Photo: Asclepias syriaca 8. Related plants: Asclepias Incarnata.—Flesh-Colored Asclepias - Asclepias (U. S. P.)—Asclepias

The root of the Asclepias Cornuti, Decaisne (Asclepias syriaca, Linné).
Nat. Ord.—Asclepiadeae.
COMMON NAMES: Common milkweed, Silkweed, Wild cotton.

Botanical Source.—The common milkweed has a large, stout, simple, somewhat branched stem, growing from 2 to 5 feet high. Its leaves are ovate-elliptical, spreading, opposite, with short but distinct petioles, gradually acute, tomentose beneath. The flowers are fragrant, arranged in several axillary, subterminal, nodding, dense, globose umbels, each of 20 or more flowers. The calyx segments are lanceolate. The corolla is pale or greenish-purple, reflexed, leaving the corona, which is of nearly the same hue, quite conspicuous. But few of the flowers prove fertile, producing oblong-pointed pods or follicles covered with sharp prickles, which contain a mass of long, silky fibers with seeds attached, and which fibers have been used for beds, pillows, and in the place of fur in manufacturing hats.
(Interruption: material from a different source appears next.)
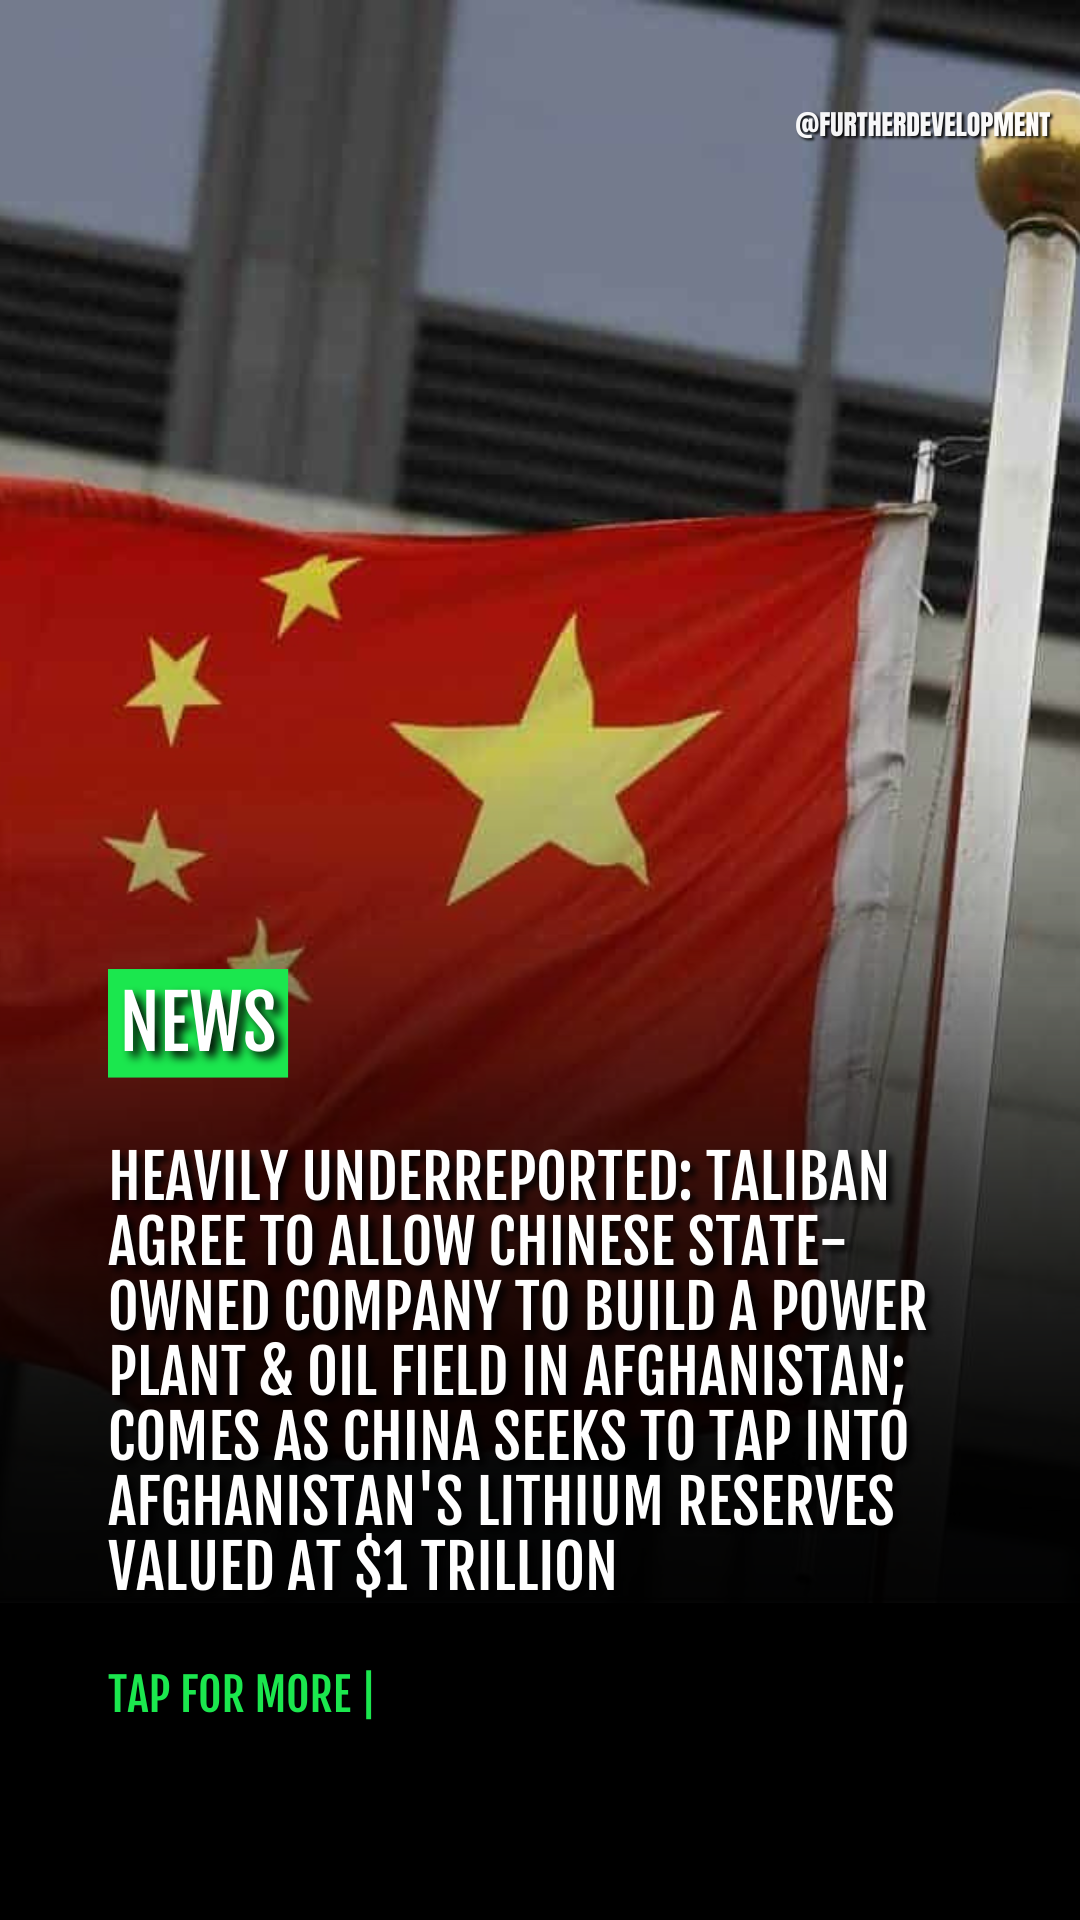 Heavily Underreported: Taliban agree to allow Chinese state-owned company to build a power plant & oil field in Afghanistan; comes as China seeks to tap into Afghanistan's lithium reserves valued at $1 trillion

Description.—This rhizome grows from 1 to 6 feet in length, and is cut into transverse pieces or slices about ¼ inch or ½ inch in diameter. The root is cylindrical, finely corrugated, tough, has a somewhat knotty appearance from stem-scars, or partially formed branches, and breaks with a short, splintered fracture. Externally it is grayish-brown; internally white. Its white bark is thick and surrounds a yellowish, porous, woody center, and contains lactiferous channels. It has scarcely any odor, but its taste is disagreeably bitter.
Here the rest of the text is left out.